• _Task instructions_
In the listing that follows, find the line with "Auctus IQ logo", then copy exactly from it through the line with "Un tracteur Mack", leaving out every picture.
─── Data to use ───
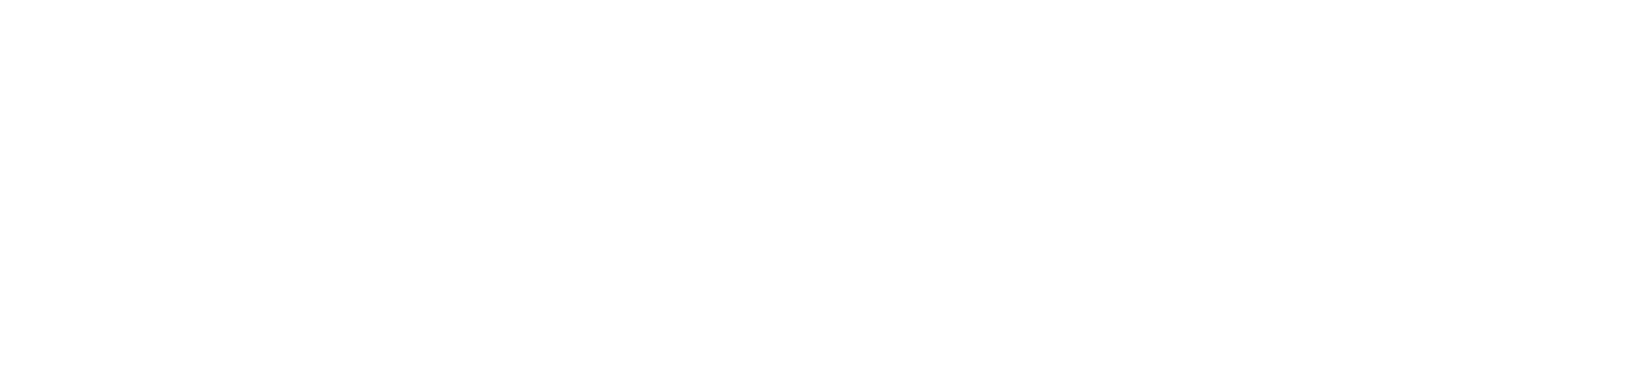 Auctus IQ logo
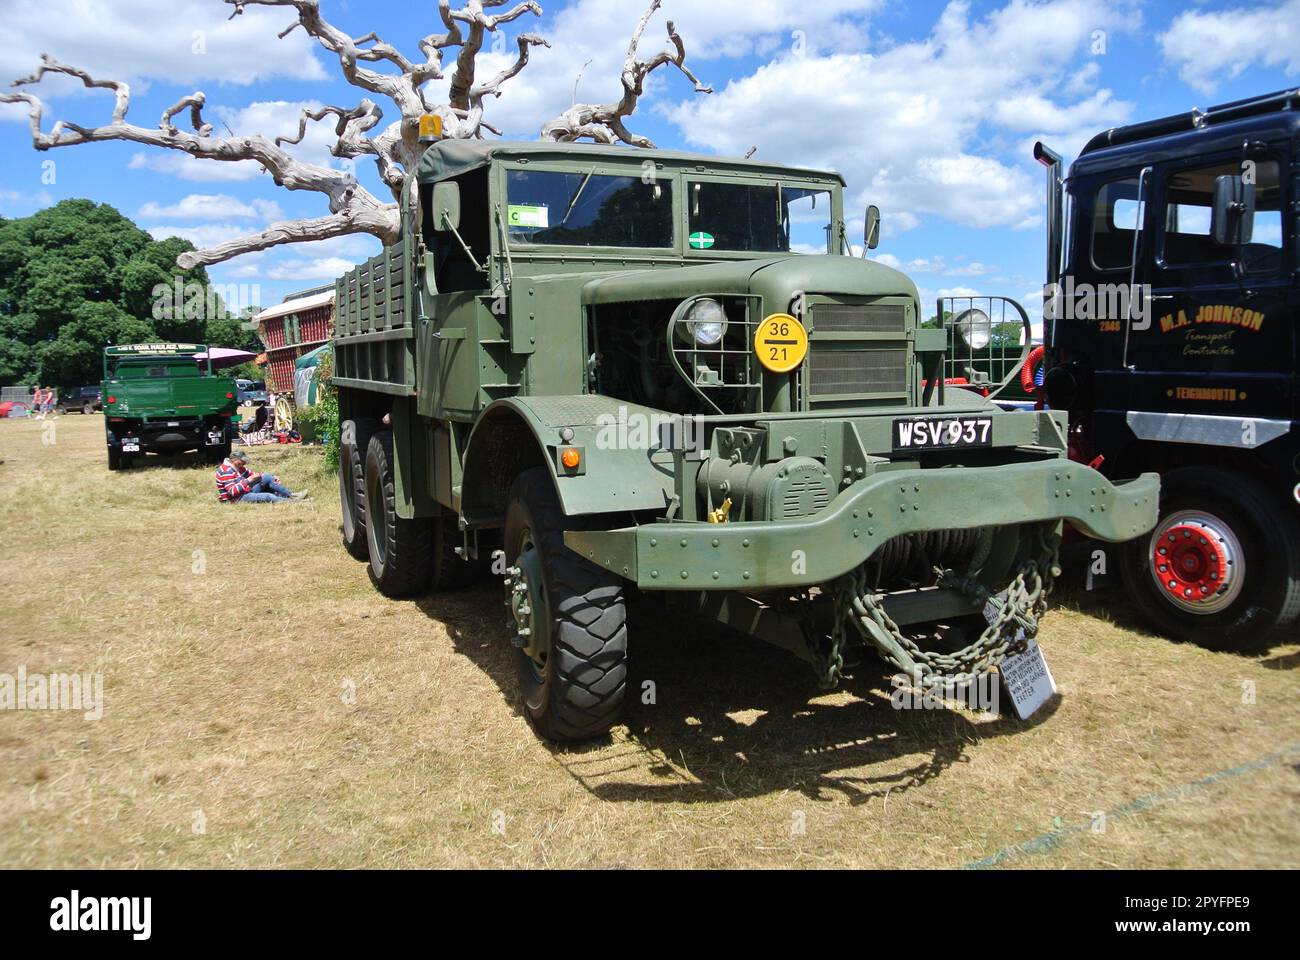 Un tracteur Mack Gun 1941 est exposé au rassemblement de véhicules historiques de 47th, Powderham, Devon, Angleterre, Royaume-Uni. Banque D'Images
───
─── Data to use ───
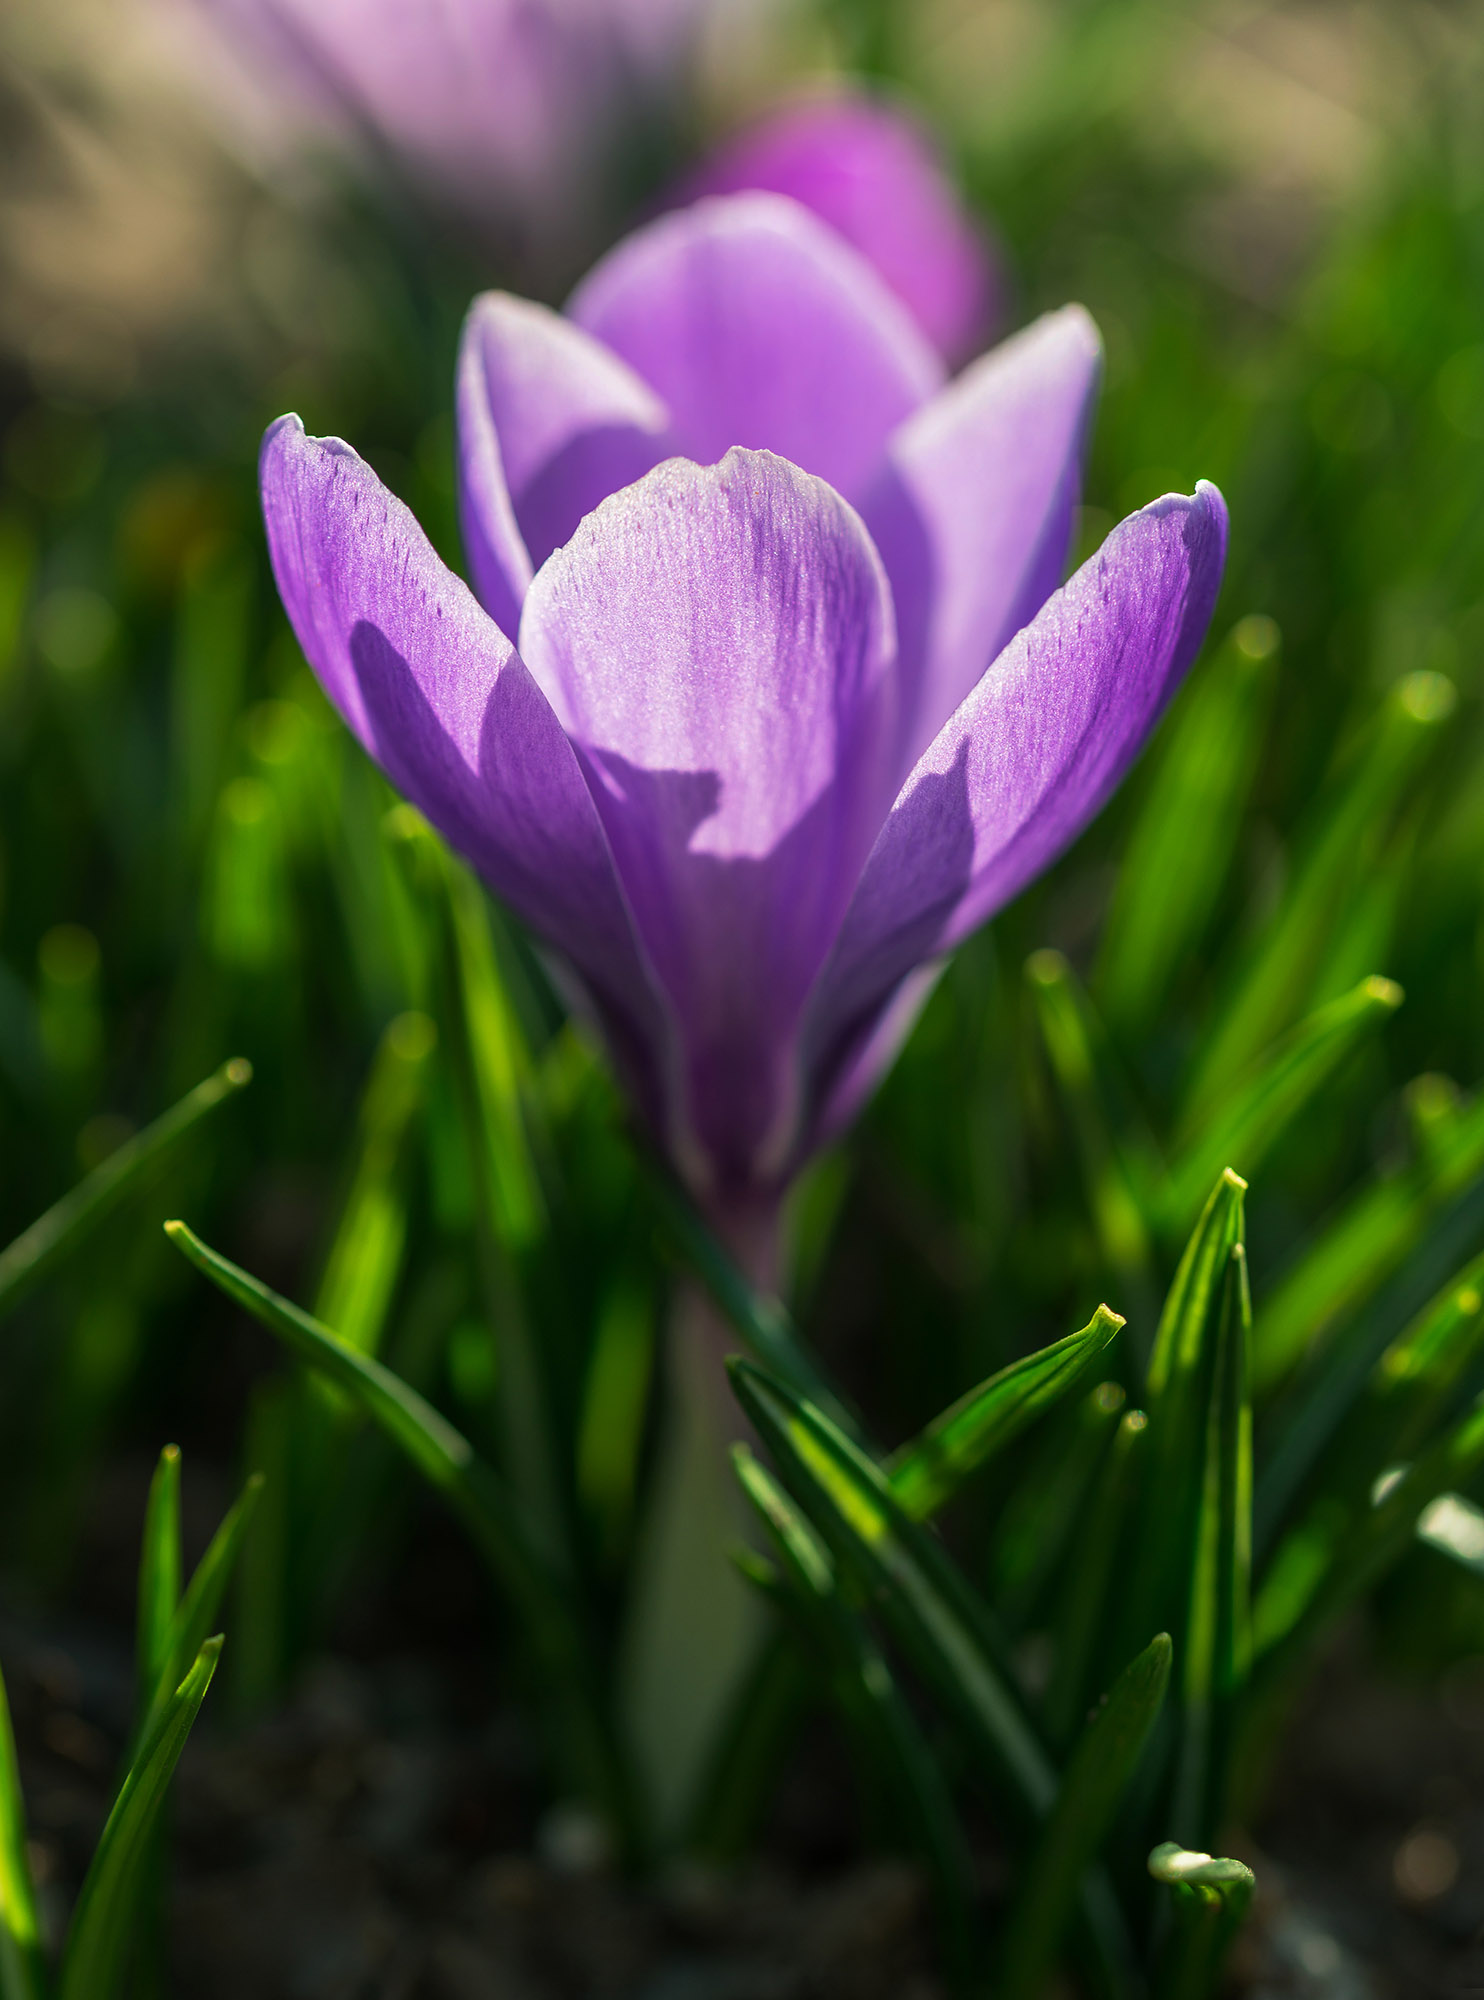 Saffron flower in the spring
───
• _Worked solution_
 Auctus IQ logo
 Un tracteur Mack Gun 1941 est exposé au rassemblement de véhicules historiques de 47th, Powderham, Devon, Angleterre, Royaume-Uni. Banque D'Images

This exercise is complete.